ABOUT THIS TASK: In the entries below, find the line containing "Naka isurita waterfalls 2" and the line containing "Pe Lanza e namorada". Copy those two lines and everything between them exactly, without the pictures.

═════ INPUT MATERIAL

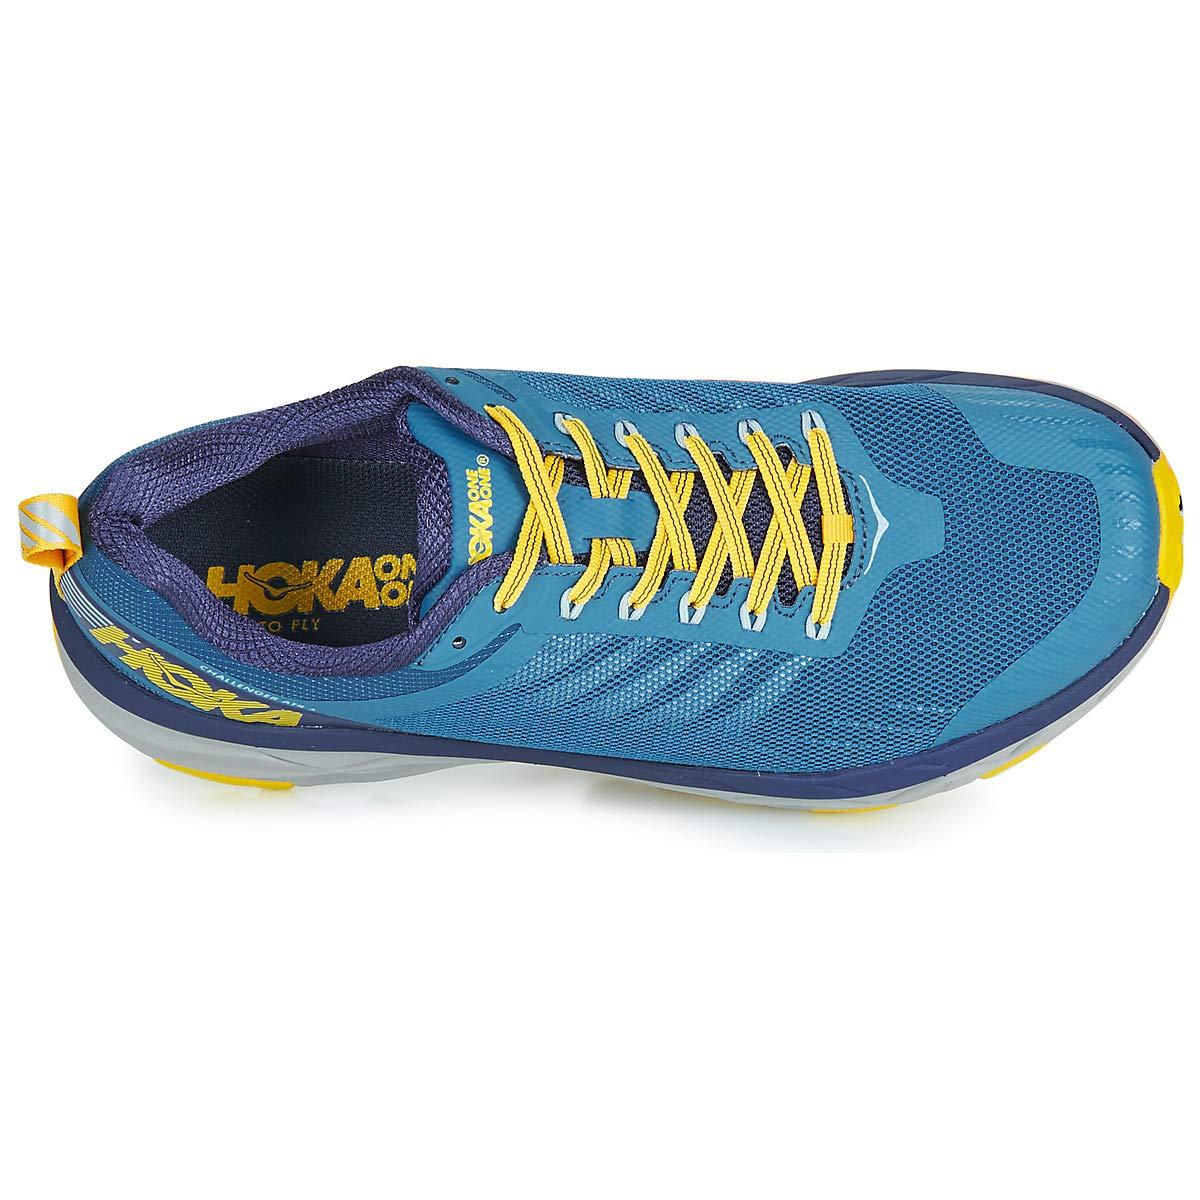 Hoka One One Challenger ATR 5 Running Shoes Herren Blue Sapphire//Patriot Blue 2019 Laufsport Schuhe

══════════
═════ INPUT MATERIAL

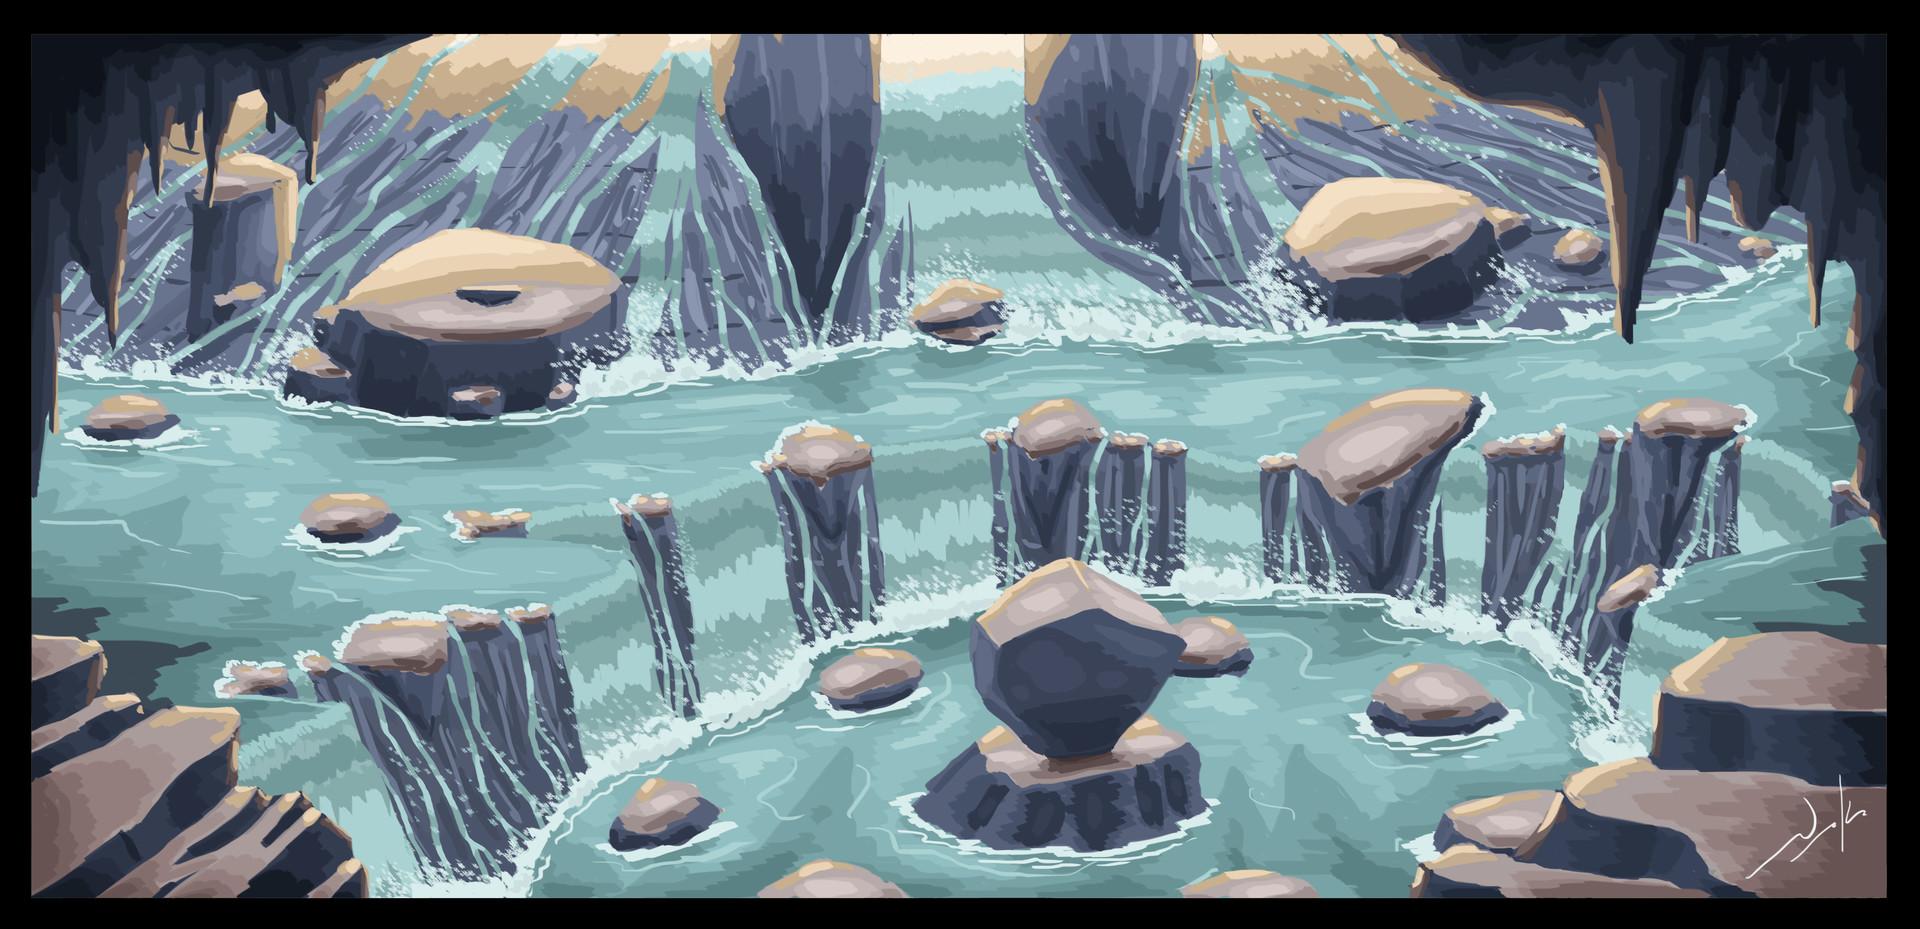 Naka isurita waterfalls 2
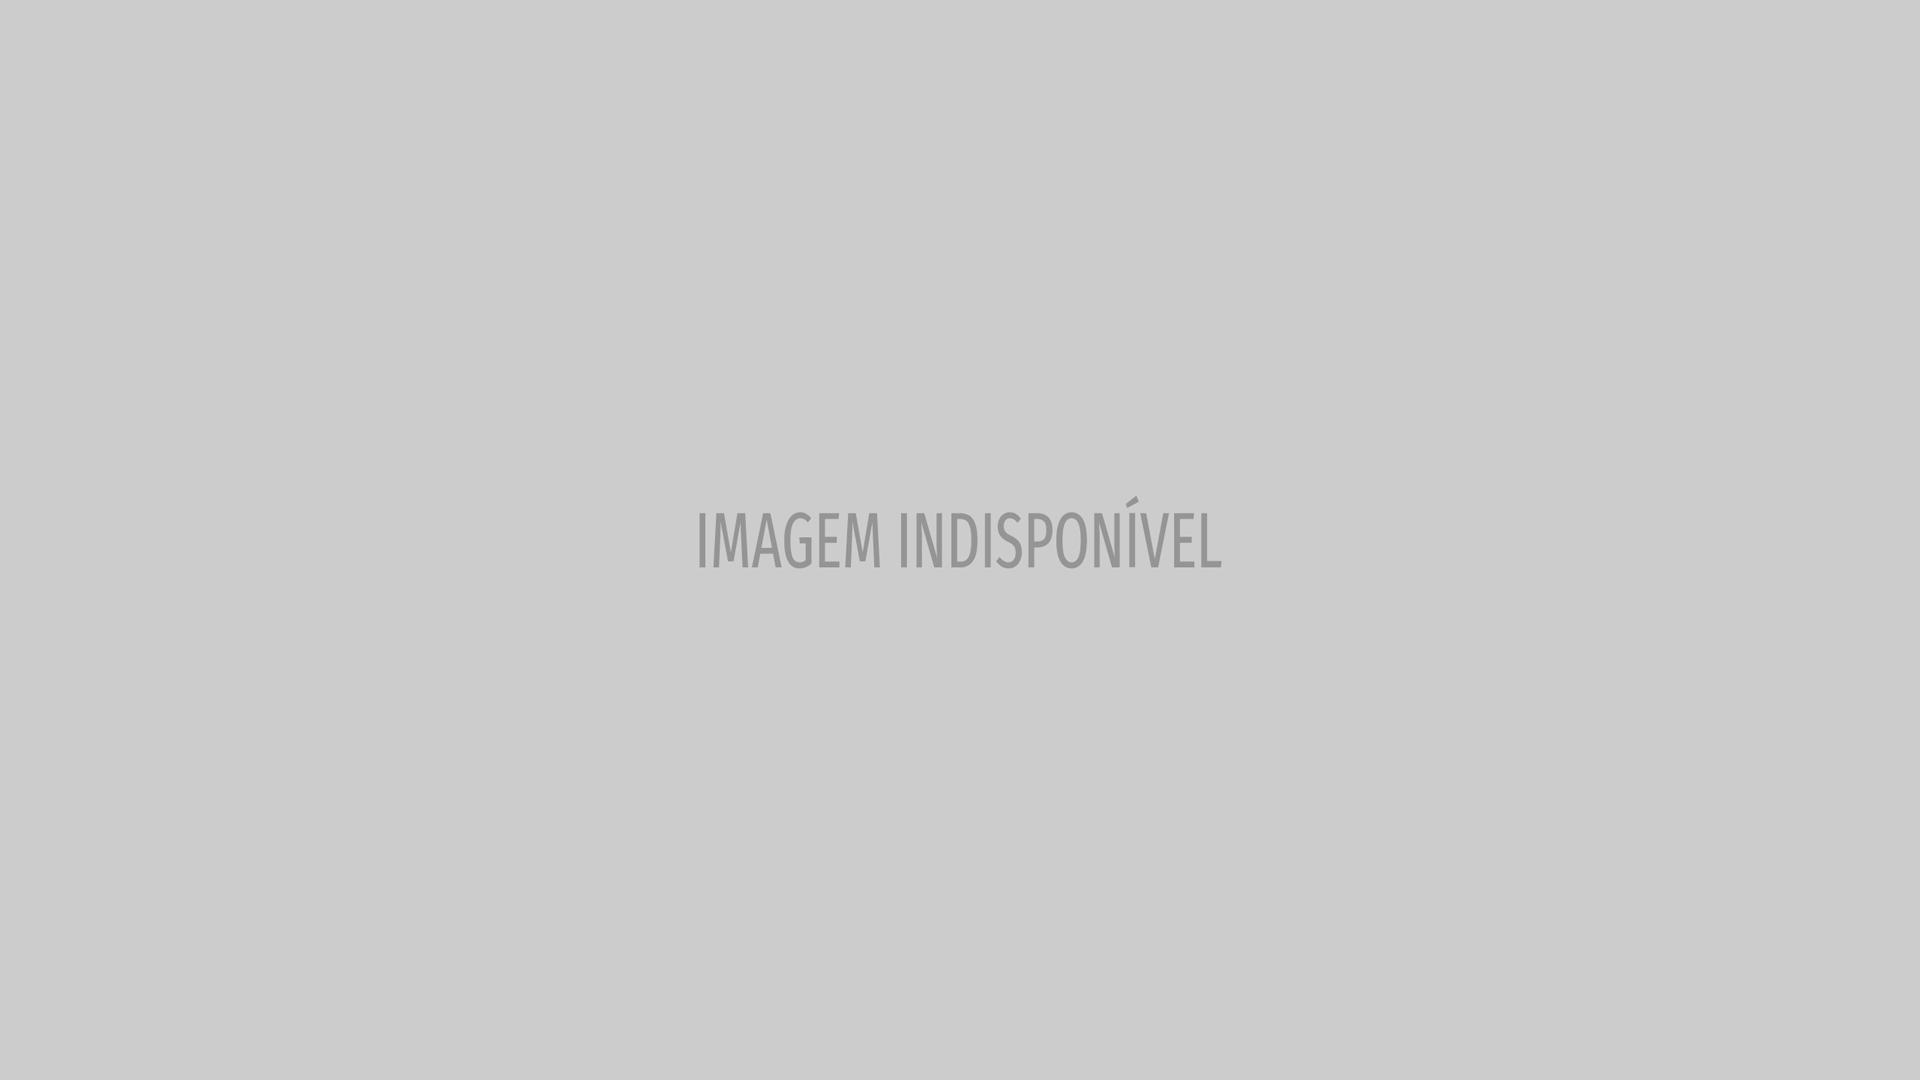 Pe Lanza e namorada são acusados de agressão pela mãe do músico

══════════

RESPONSE TO THIS EXERCISE:
 Naka isurita waterfalls 2
 Pe Lanza e namorada são acusados de agressão pela mãe do músico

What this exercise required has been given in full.